The only one of Sunday’s three Arc trials with Group 1 status, the Prix Vermeille is an important race for fillies in its own right. But recent runnings have certainly had a significant bearing on events three weeks later, none more so than last year’s contest which Treve took impressively on the way to her brilliant win in the Arc. In 2012, shock Arc winner Solemia had finished third in the Vermeille beforehand, while in 2011 Shareta was placed in both races.
Treve is back again this year, though no longer unbeaten and with a slightly different agenda this time, needing to restore her reputation after odds-on defeats in the Prix Ganay and Prince of Wales’s Stakes. Only third at Royal Ascot behind The Fugue and Magician, Treve was never going with her usual zest. She subsequently lost her position as ante-post favourite for the Arc, though has found herself back at the head of the betting, pretty much by default, after the three-year-olds Taghrooda and Sea The Moon lost their own unbeaten records in recent weeks in the Yorkshire Oaks and at Baden-Baden respectively. A back injury (actually stemming from foot problems, it appears), which seems to explain her performance at Ascot (she moved poorly to post beforehand, too), has reportedly been put right now, and if Treve is anywhere close to her best on Sunday she would take all the beating, now reunited with her Arc-winning partner Thierry Jarnet.
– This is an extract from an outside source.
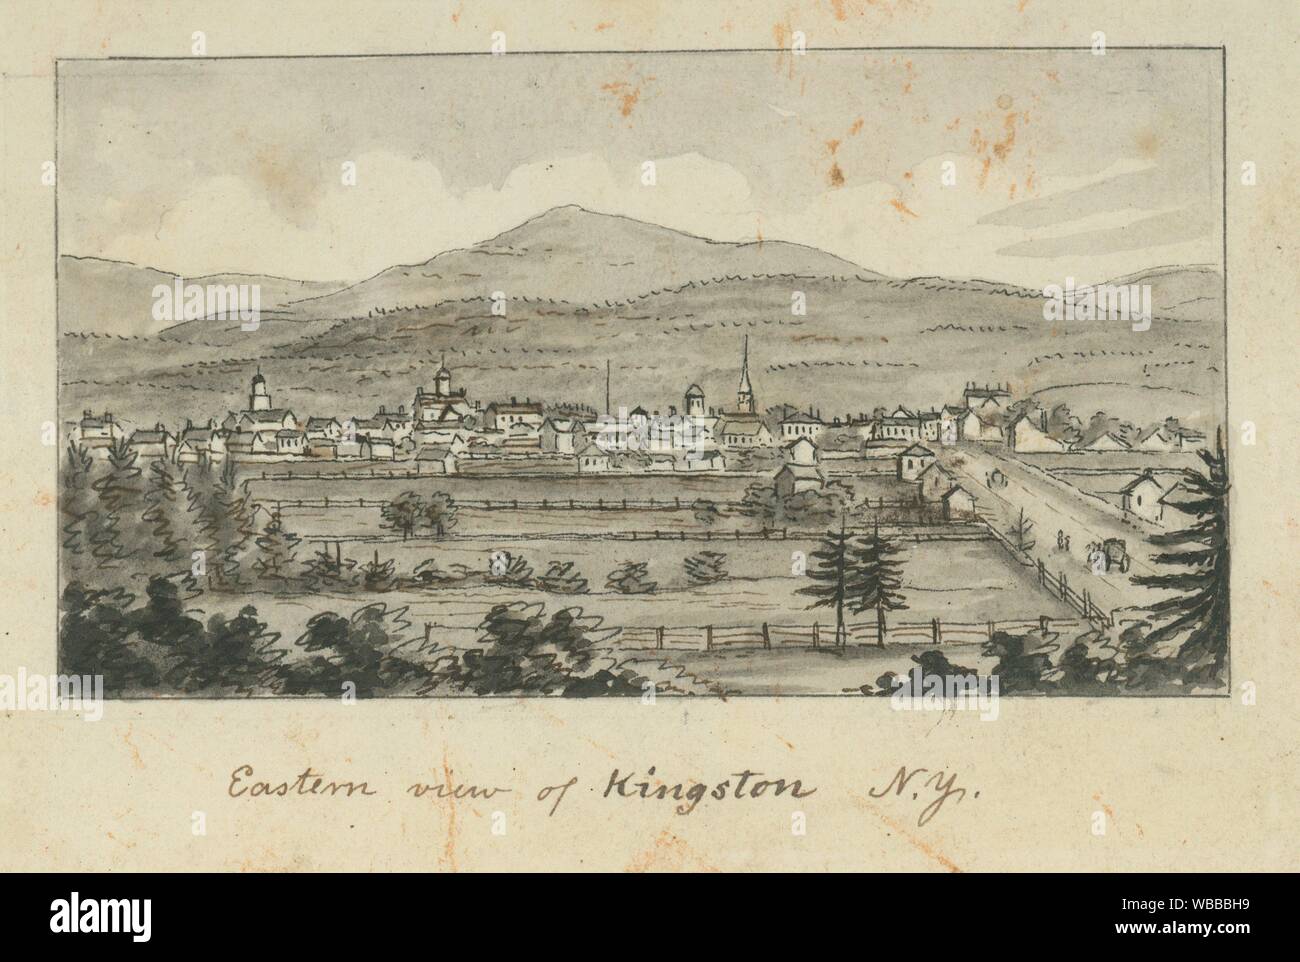 Eastern view of Kingston N.Y. Barber, John Warner (1798-1885) (Artist). I. N. Phelps Stokes Collection of American Historical Prints Individual Stock Photo

But given her troubled season so far, Treve makes little appeal at cramped odds against some lightly-raced fillies who might have a bit to find on form but could prove progressive enough to take advantage if the favourite underperforms again. This is an unusual Vermeille field in that older fillies easily outnumber their three-year-old counterparts. Of the two younger fillies in the line-up, the Aga Khan’s Dolniya has improved markedly in winning her last three starts and looked a late-maturing type typical of her owner-breeder when landing the Prix de Malleret at Saint-Cloud when last seen at the end of June. Out of a half-sister to Arc winner Dalakhani, a big run on Sunday would see her Arc odds being slashed as she would almost certainly end up as Christophe Soumillon’s Arc ride as a result.
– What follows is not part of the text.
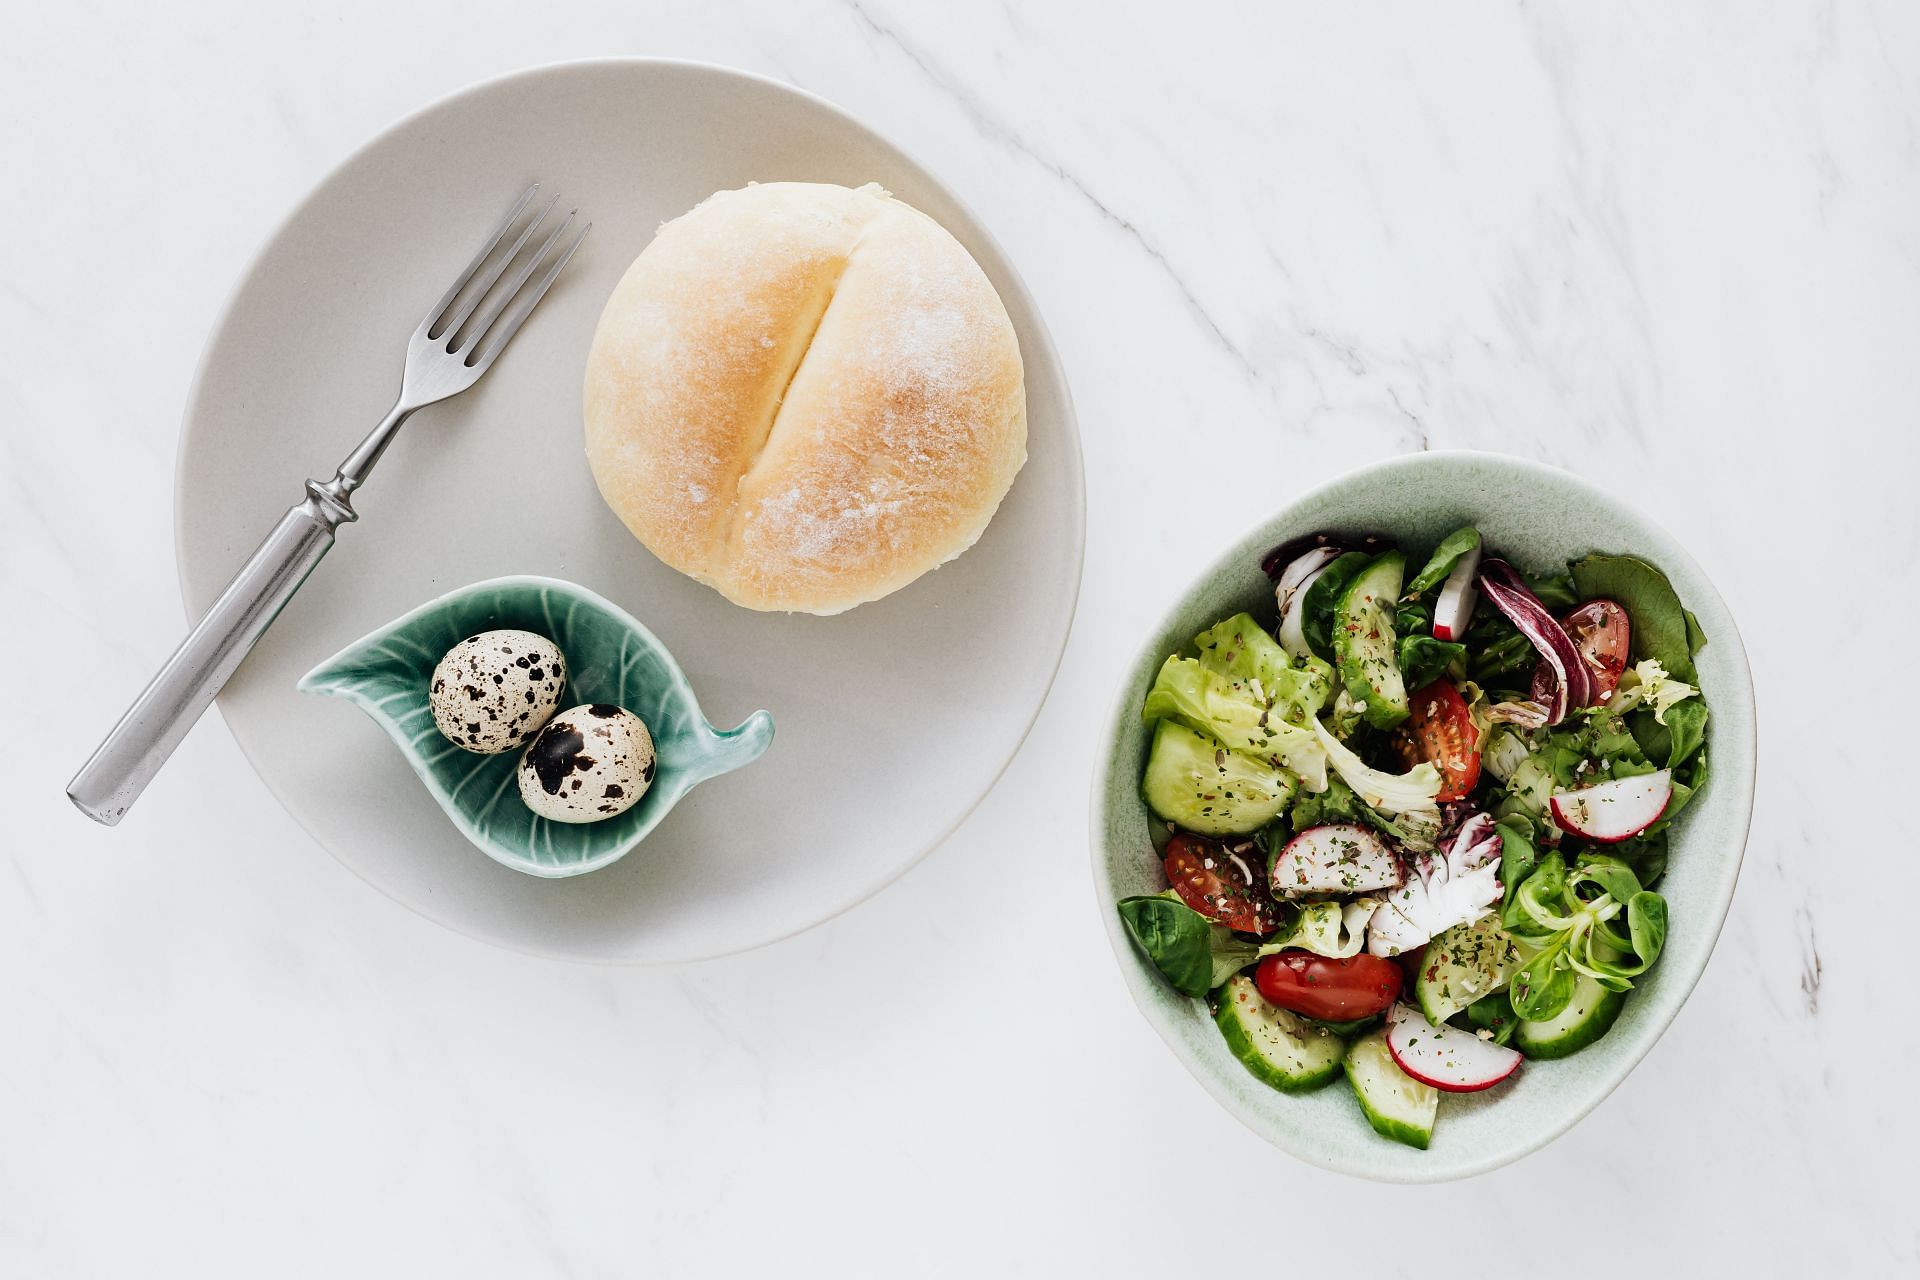 Superfoods can provide you strength and stamina (Image via Pexels/Karolina Grabowska)

The other biggest potential dangers to Treve look to be fellow four-year-olds Pomology and Sultanina, both of them trained by John Gosden. Unlike their younger stable-companion Taghrooda, neither holds an Arc entry at the moment, but a win on Sunday for one of them could leave connections having to think about supplementing. The pair have very similar profiles, each having run just four times (Sultanina hadn’t run at all before May of this year), with Pomology keeping her unbeaten record at the expense of Sultanina’s when they finished one-two in the Lancashire Oaks at Haydock in July. Sultanina’s subsequent win in the Nassau Stakes at Goodwood boosted the form, while the fifth Silk Sari has won both her subsequent starts, including when bolting up in the Park Hill Stakes at Doncaster on Thursday. Sultanina looks sure to be suited by the return to a mile and a half on Sunday, but Pomology beat her fairly comfortably at Haydock and can be the one to make up for the controversial demotion of her stable’s 2009 Vermeille ‘winner’ Dar Re Mi. Pomology is also the pick of stable-jockey William Buick, with Ryan Moore taking the ride on Sultanina.
The other British-trained filly – also the other three-year-old in the line-up - Musidora winner Madame Chiang, looks to face a stiff task on her first start since finishing down the field in the Oaks. Of the remainder, Baltic Baroness is in better heart now, after a couple of listed wins over the summer, than when finishing behind Treve in the Prix Ganay in the spring. Siljan’s Saga has made steady progress and had Baltic Baroness behind her when winning the Prix Corrida at Saint-Cloud in May, though there’s a suspicion she was flattered a little in finishing a close-up third in the Grand Prix de Saint-Cloud last time.